====== Dataset excerpts ======

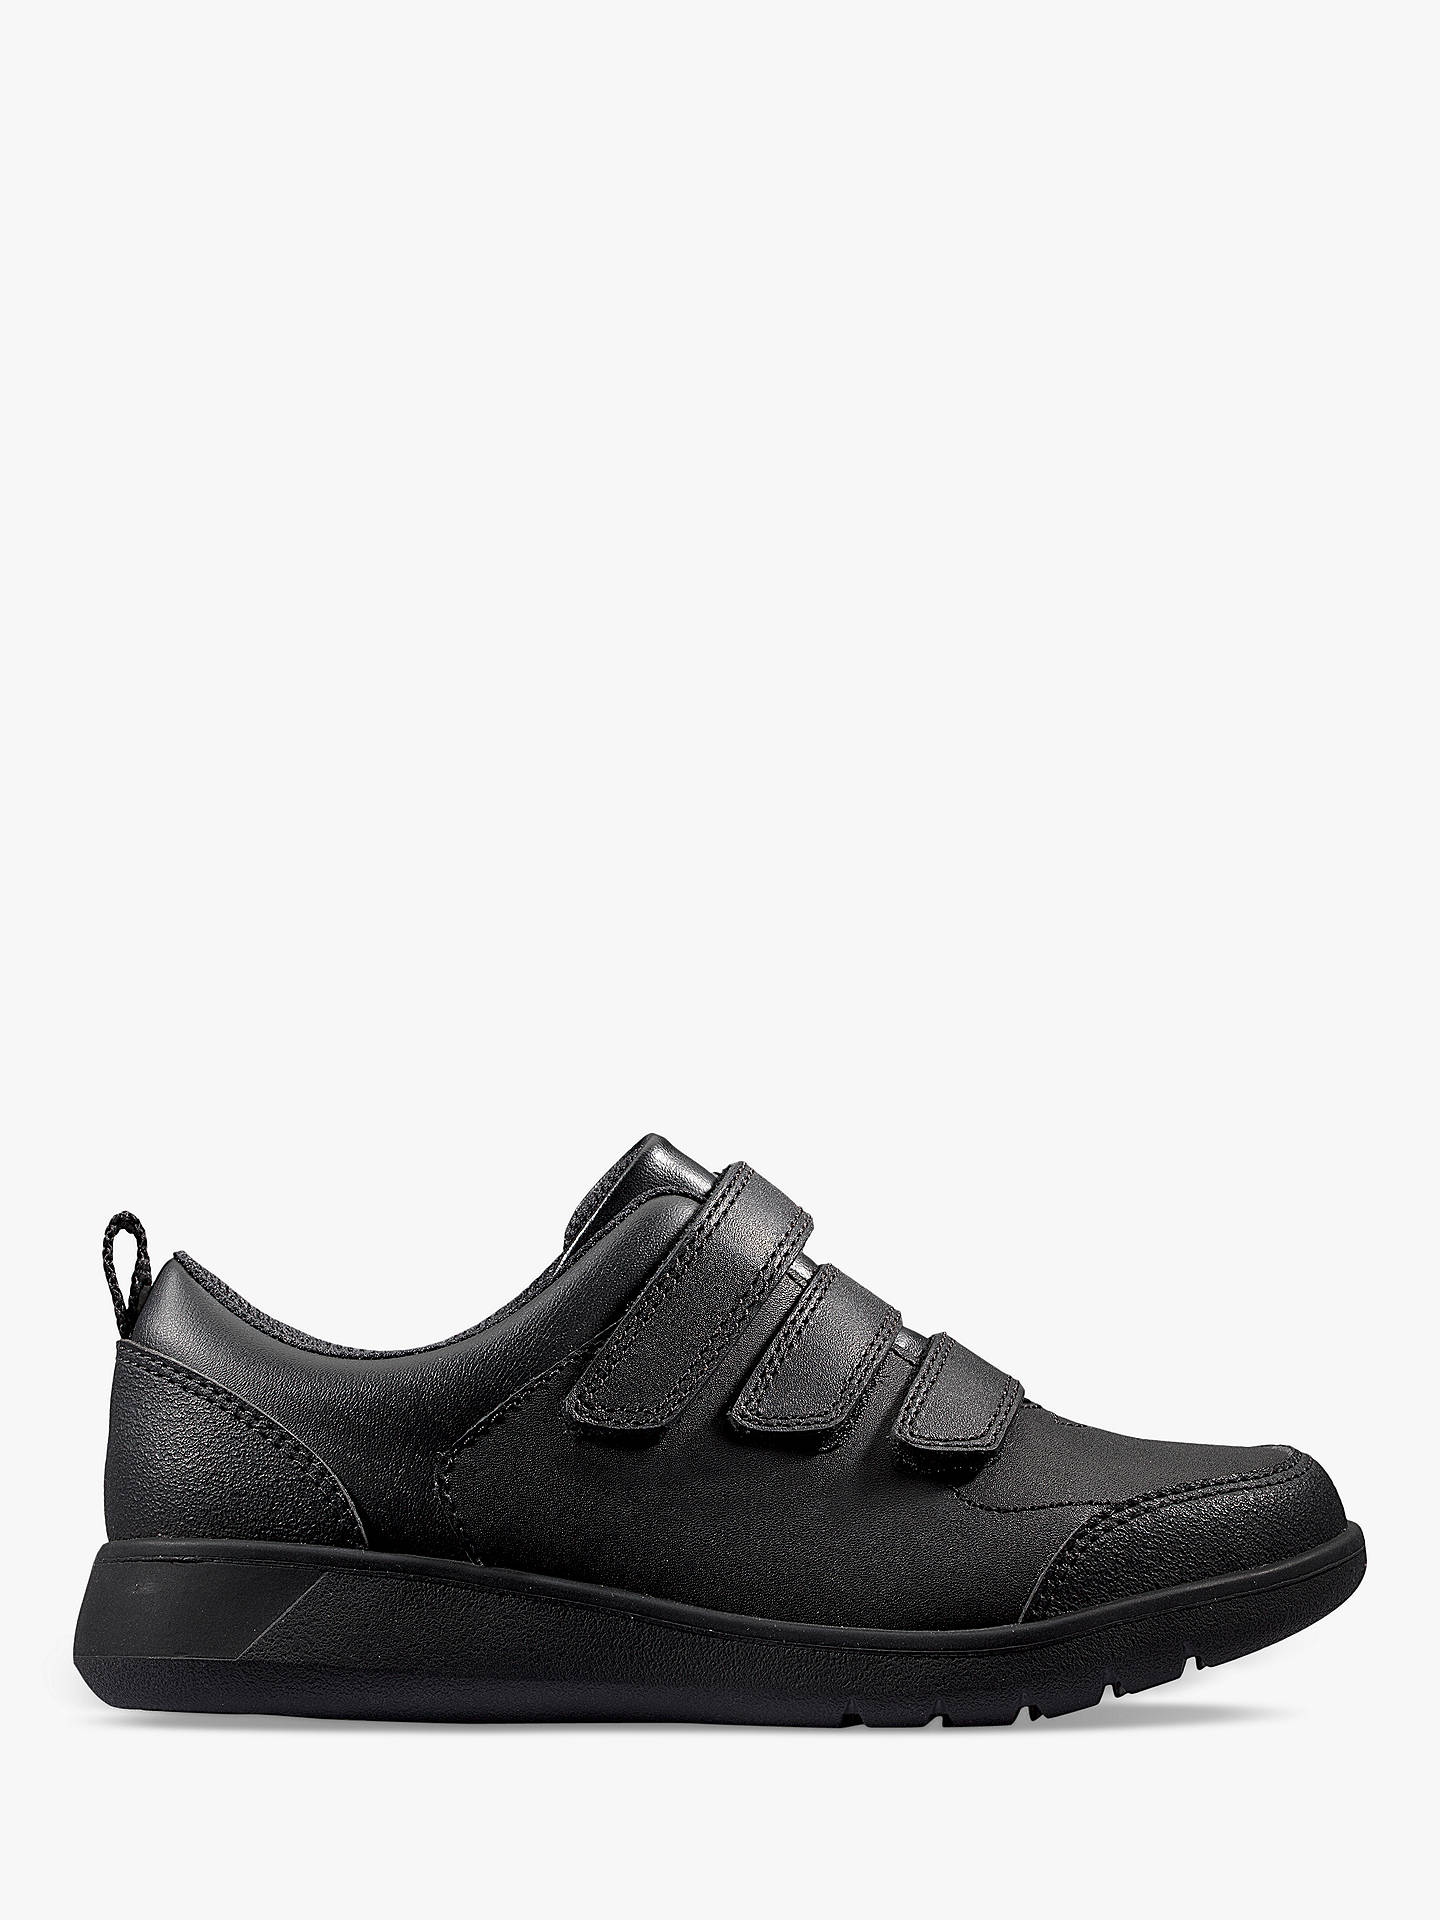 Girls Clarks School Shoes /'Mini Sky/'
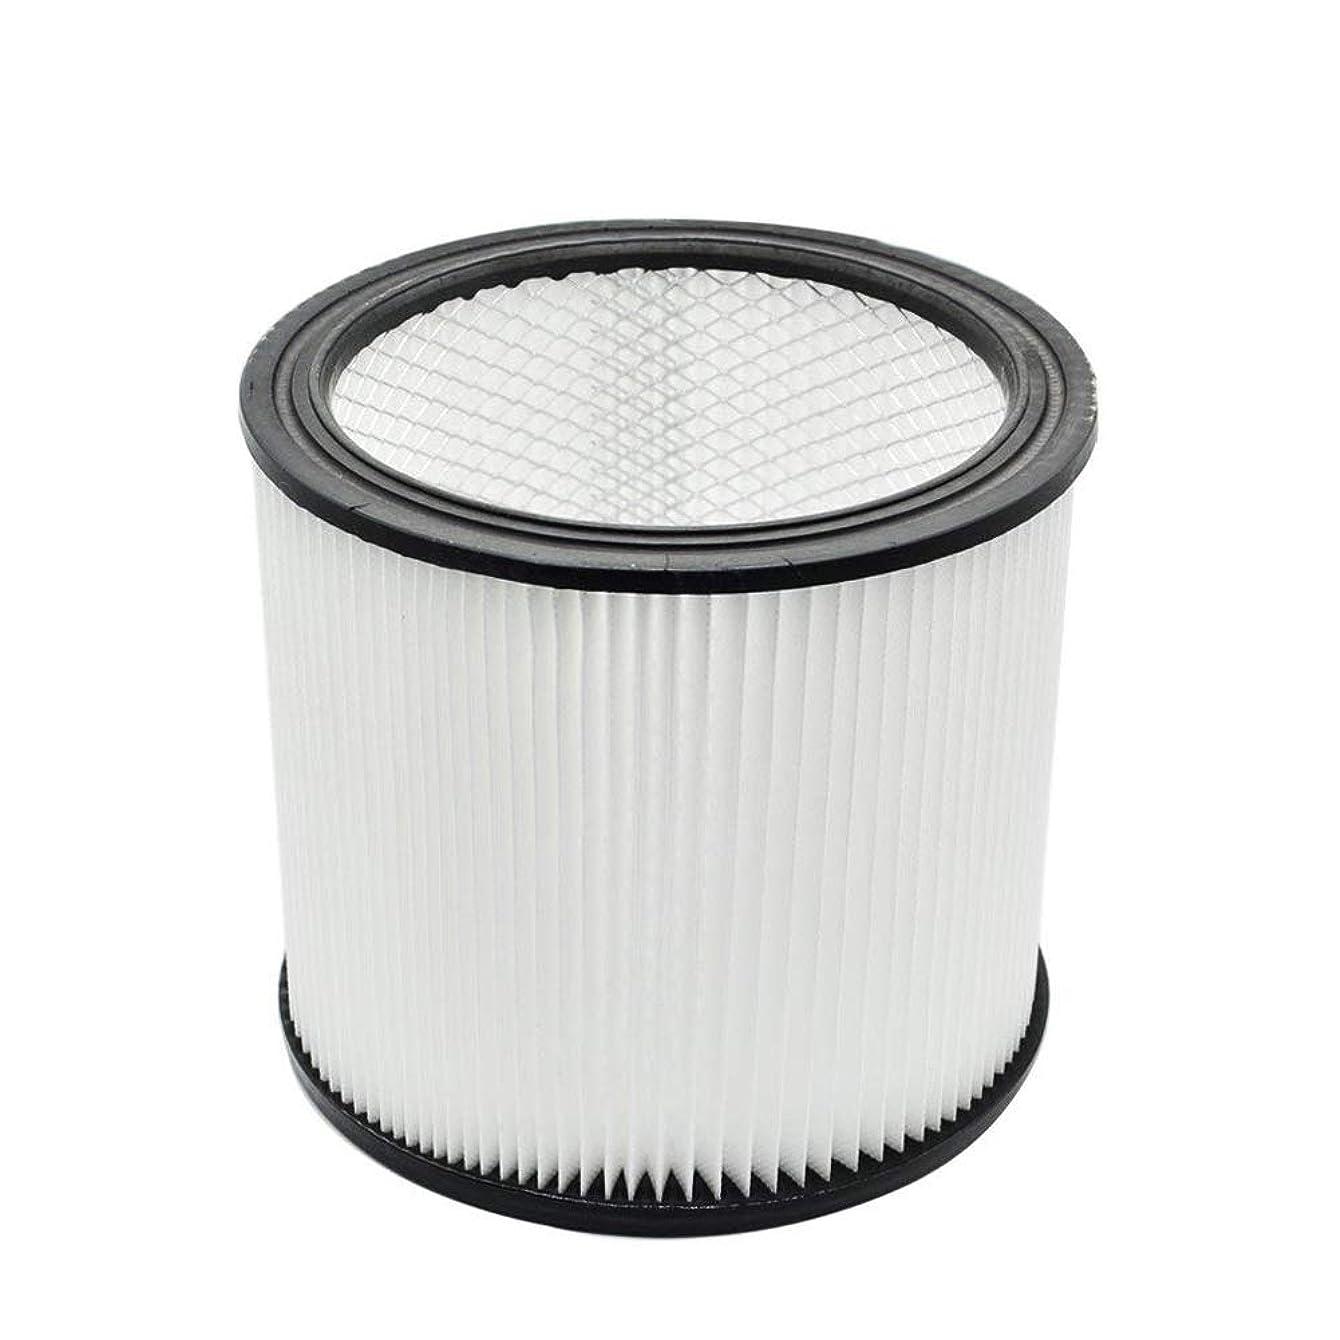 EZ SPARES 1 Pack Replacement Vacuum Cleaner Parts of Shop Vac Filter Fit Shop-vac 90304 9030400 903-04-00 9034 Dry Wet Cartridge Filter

======
====== Dataset excerpts ======

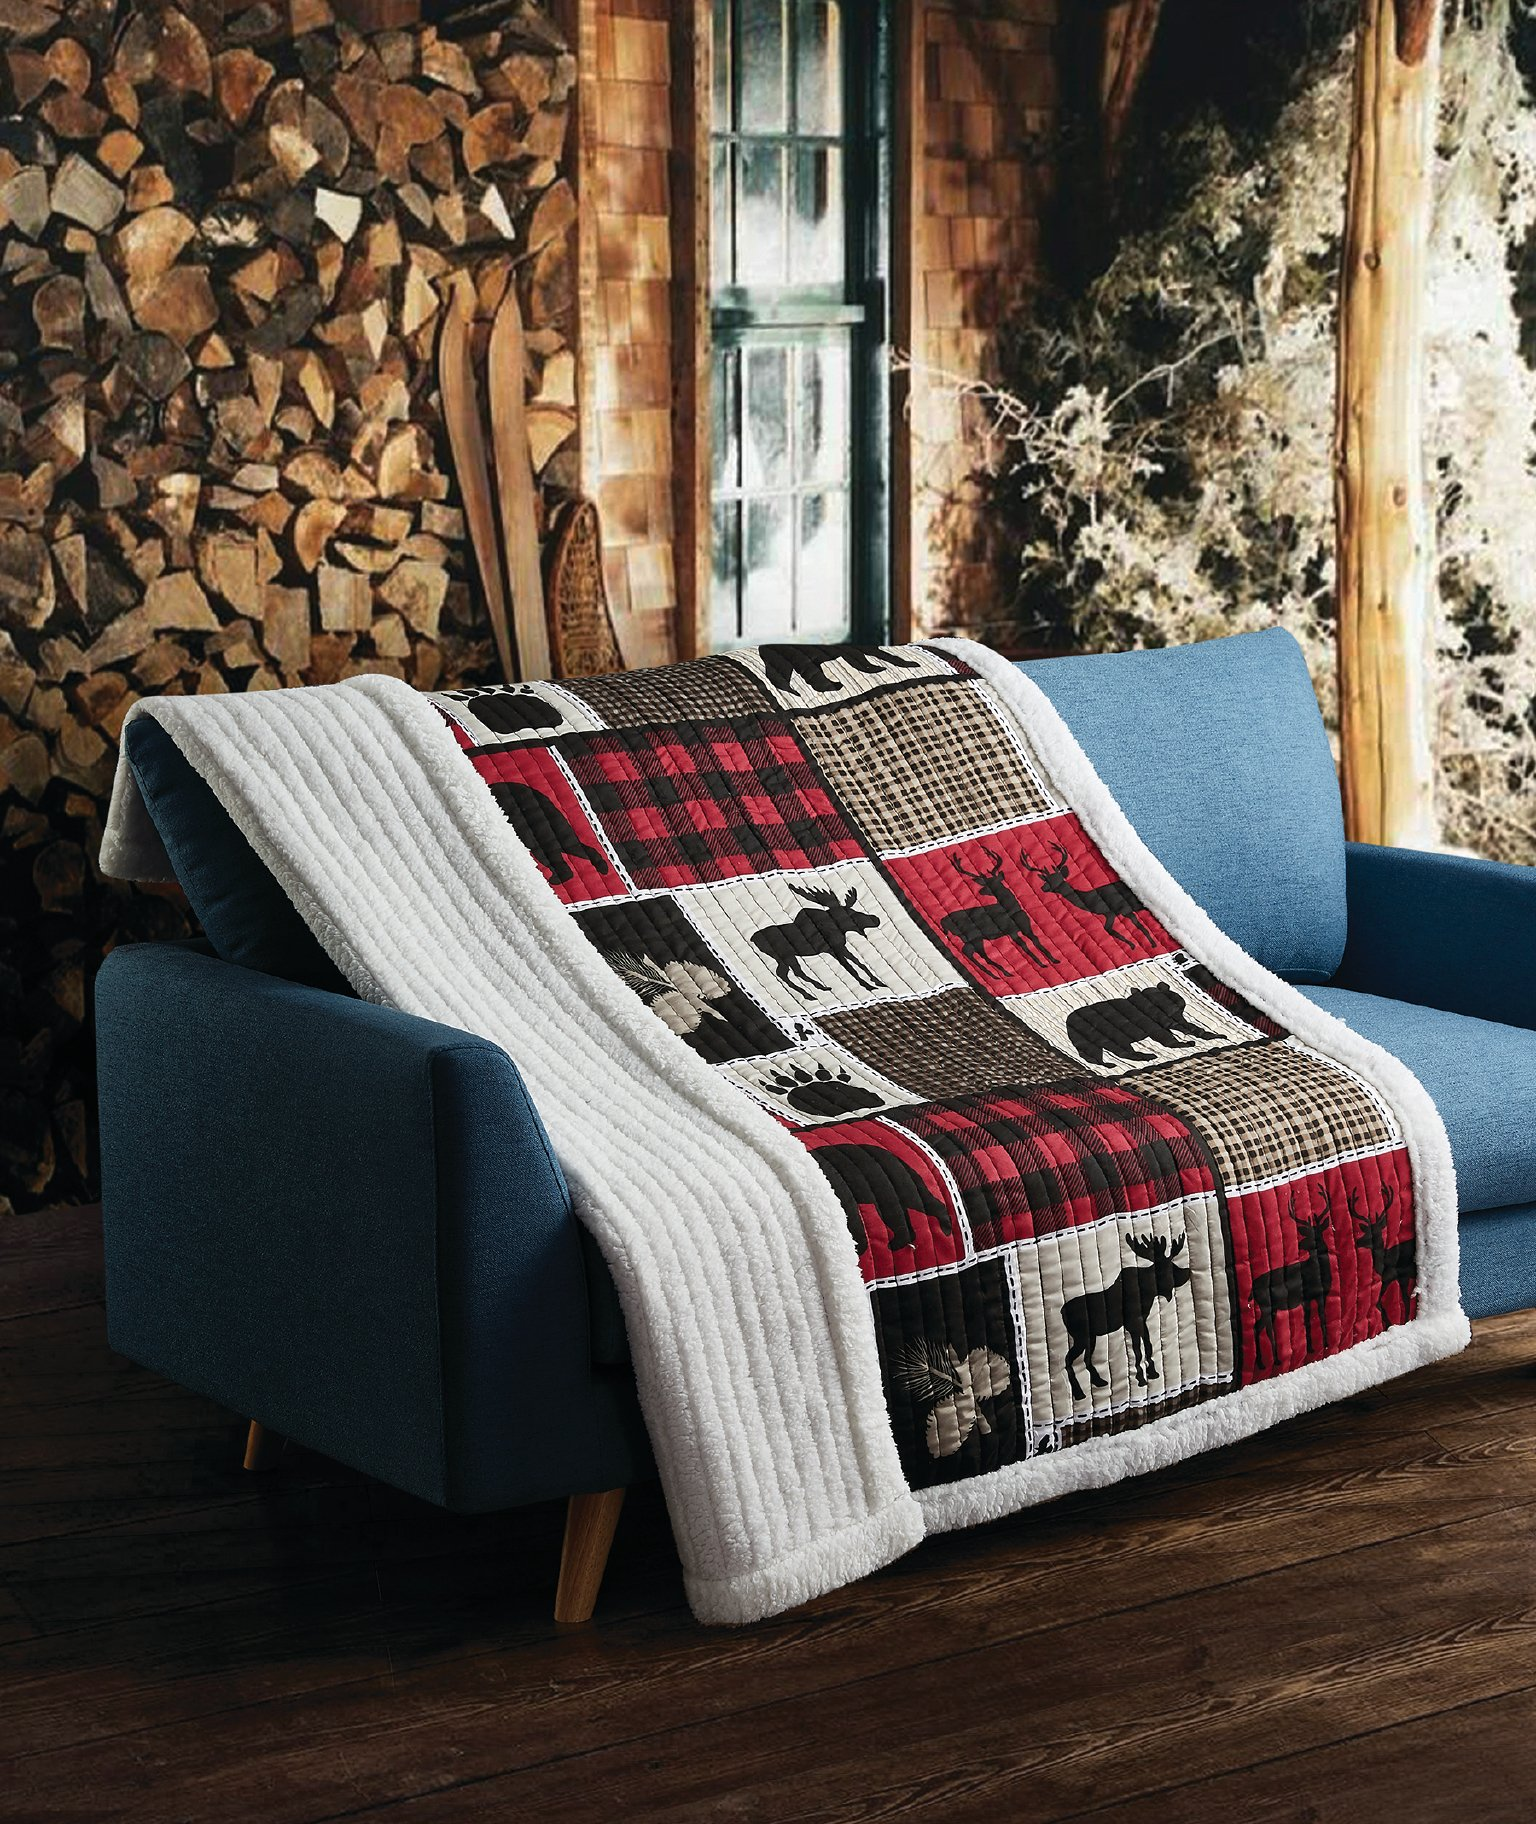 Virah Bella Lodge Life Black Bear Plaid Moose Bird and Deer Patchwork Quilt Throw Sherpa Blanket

======

Every line above between the one containing "Girls Clarks School Shoes /'Mini Sky/'" and the one containing "EZ SPARES 1", those two included, is to be printed exactly. No pictures go into the copy.

 Girls Clarks School Shoes /'Mini Sky/'
 EZ SPARES 1 Pack Replacement Vacuum Cleaner Parts of Shop Vac Filter Fit Shop-vac 90304 9030400 903-04-00 9034 Dry Wet Cartridge Filter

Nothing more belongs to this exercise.